Het meesterwerk is het veertiende deel van Émile Zola's twintig delen tellende magnum
opus, de romancyclus Les Rougon-Macquart,
waarin Claude Lantier al eerder werd opgevoerd. Zola's werk kenmerkt zich door
de literaire stroming naturalisme dat in Frankrijk aan het einde van de
negentiende eeuw is ontstaan vanuit het realisme. Het is gebaseerd op de
wetenschap dat maatschappelijke normen en waarden, erfelijkheid en het milieu
waarin men is opgegroeid, factoren zijn die men niet of nauwelijks kan
beïnvloeden (determinisme). Karakteristiek voor het naturalisme zijn
bijvoorbeeld kenmerken als; natuurlijke dialogen, taboedoorbrekende
seksualiteit, een hoofdpersonage met een zwak karakter, ontgoocheling,
realistische setting en een onpartijdige verteller.
Ook in de schilderkunst
deed het naturalisme zijn intrede, maar doordat het impressionisme in de
kunstwereld was ingeburgerd kon het niet meteen op de bewondering van de
impressionistische schilders en het kunstminnende publiek rekenen. Schilders
als Paul Cézanne, Claude Monet en Édouard Manet behoorden tot de
impressionisten. En hier gaat deze (droge?) theorie over in dit kunstenaarsboek
van Zola (1840-1902), die tot de literaire school van naturalisten gerekend
wordt. Hij was bevriend was met Monet, Manet en Cézanne, en heeft ze als
inspiratiebron gebruikt voor zijn protagonist Claude Lantier. In het personage
van Pierre Sandoz heeft Zola duidelijk autobiografische elementen verwerkt,
maar bij de andere kunstenaars tevens karakteristieken van de schilders uit zijn eigen vriendengroep en
beschrijvingen van hun doeken. Hierdoor heeft de roman kenmerken van een
sleutelroman, ware het niet dat hij deze karakteristieken schijnbaar willekeurig
heeft verdeeld over de vrienden van Claude. Het perspectief ligt voornamelijk
bij het hoofdpersonage, maar ook de personages van de kunstenaarsvrienden maken
een ontwikkeling door, hebben problematische relaties en worstelen met
erkenning, hun verhaallijnen meanderen daar doorheen. En, last but not least, is het een
dramatisch liefdesverhaal.
De volgende ochtend, nadat
Claude is opgestaan, kijkt hij achter het kamerscherm waar zijn gast ligt te
slapen.
'In de broeierige warmte die door het raam binnenkwam, had het meisje de lakens van zich af geduwd en uitgeput door de doorwaakte nachten lag ze badend in het licht te slapen, zo onbewust, dat haar pure naaktheid zelfs niet door de geringste beweging werd verstoord. Waarschijnlijk door haar onrustige gedraai toen ze niet kon slapen, waren de knoopjes van haar hemd losgeraakt, de linkermouw naar beneden gegleden en haar boezem ontbloot. Ze had een zijdezachte, goudglanzende huid, in haar eerste lentebloei, twee kleine, stevige borsten, boordevol levenskracht, waarop twee bleekroze knopjes ontkiemden. [...] 'Godallemachtig! Ze is fantastisch!"
Met gezwinde spoed haalt
hij papier en krijt, en begint te tekenen, meer geraakt door haar schoonheid
dan dat hij haar ziet als een vrouw. Hier begint zijn fascinatie en de
ontdekking dat zij het perfecte model is voor naturalistische schilderkunst.

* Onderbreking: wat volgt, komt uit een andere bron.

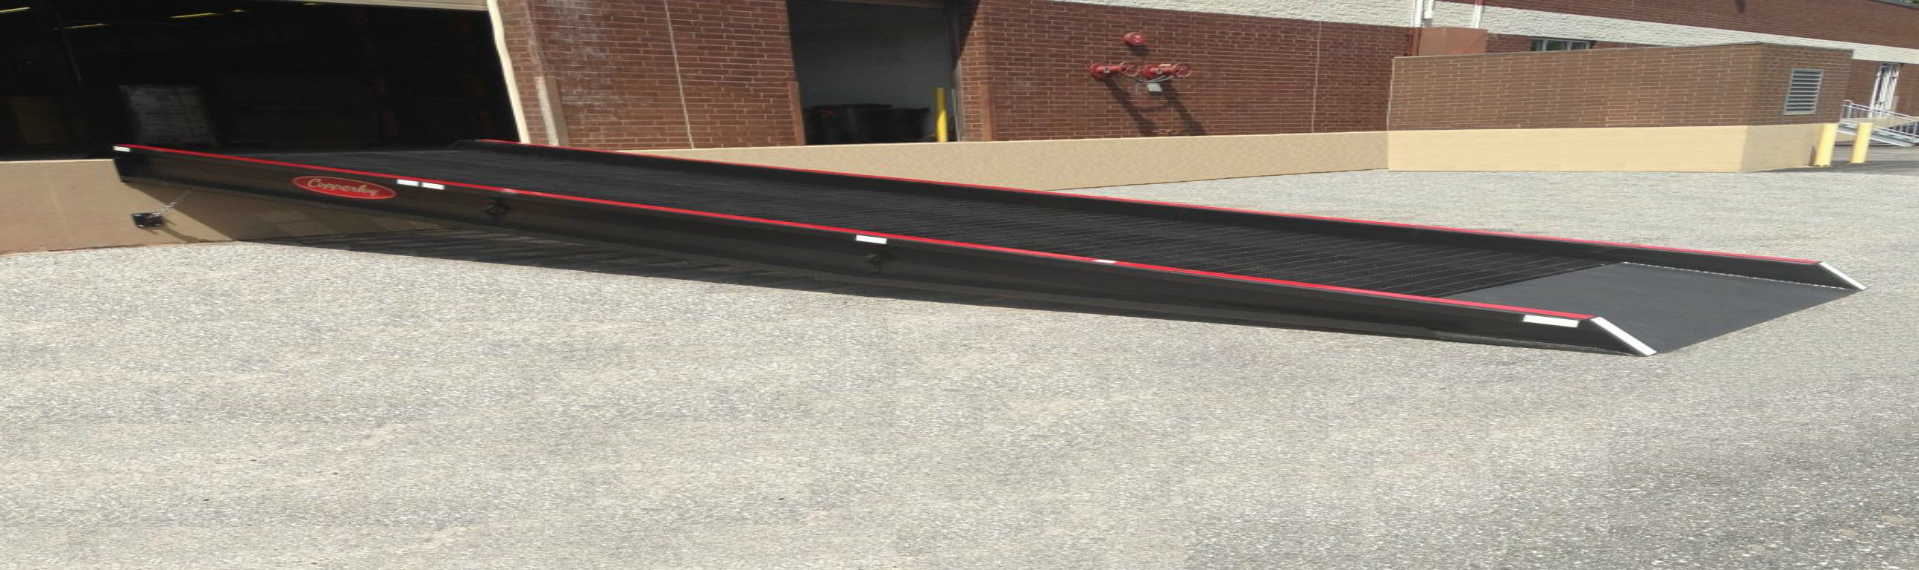 Dock to ground ramps - image of loading dock ramp

Edouard-Joseph Dantan - Un Coin du Salon
|
Christine zoekt de schilder
steeds regelmatiger op. Hele dagen zwerven ze door de straten van Parijs -
minutieus, visueel en beeldend beschreven. Omdat het Claude maar niet lukt om de naakte vrouwenfiguur naar volle tevredenheid op het doek te krijgen staat zijn muze
urenlang model. Hij gaat volledig op in zijn werk en heeft daarbij niet in de
gaten dat ze de uitputting nabij is. Als een ware Sysiphus moet hij steeds weer
opnieuw beginnen. Toch belandt zijn schilderij tot zijn teleurstelling bij de Salon des Refusés in
plaats van bij de jaarlijkse kunsttentoonstelling de Salon. Het realistische
naakt en de vernieuwende stijl kan het publiek, dat nog altijd gelooft in
neo-klassieke werken, niet bekoren.
'De ophef over dit bizarre schilderij was beslist als een lopend vuurtje rondgegaan, want uit alle hoeken van de Salon kwamen mensen aangesneld, verdrongen elkaar, wilden erbij zijn. 'Waar is het? Daar! O, wat een klucht!' En nog meer dan elders regende het kwinkslagen, vooral het onderwerp leidde tot hilariteit: de mensen begrepen het niet, vonden het bespottelijk, van een misselijkmakende zotheid.'
Machteloosheid kwelt
Christine, als Claude gedesillusioneerd besluit om doek en penselen aan de
wilgen te hangen, maar hun liefde bloeit op en ze besluiten Parijs te verruilen voor een huis op een idyllisch plekje in Bennecourt.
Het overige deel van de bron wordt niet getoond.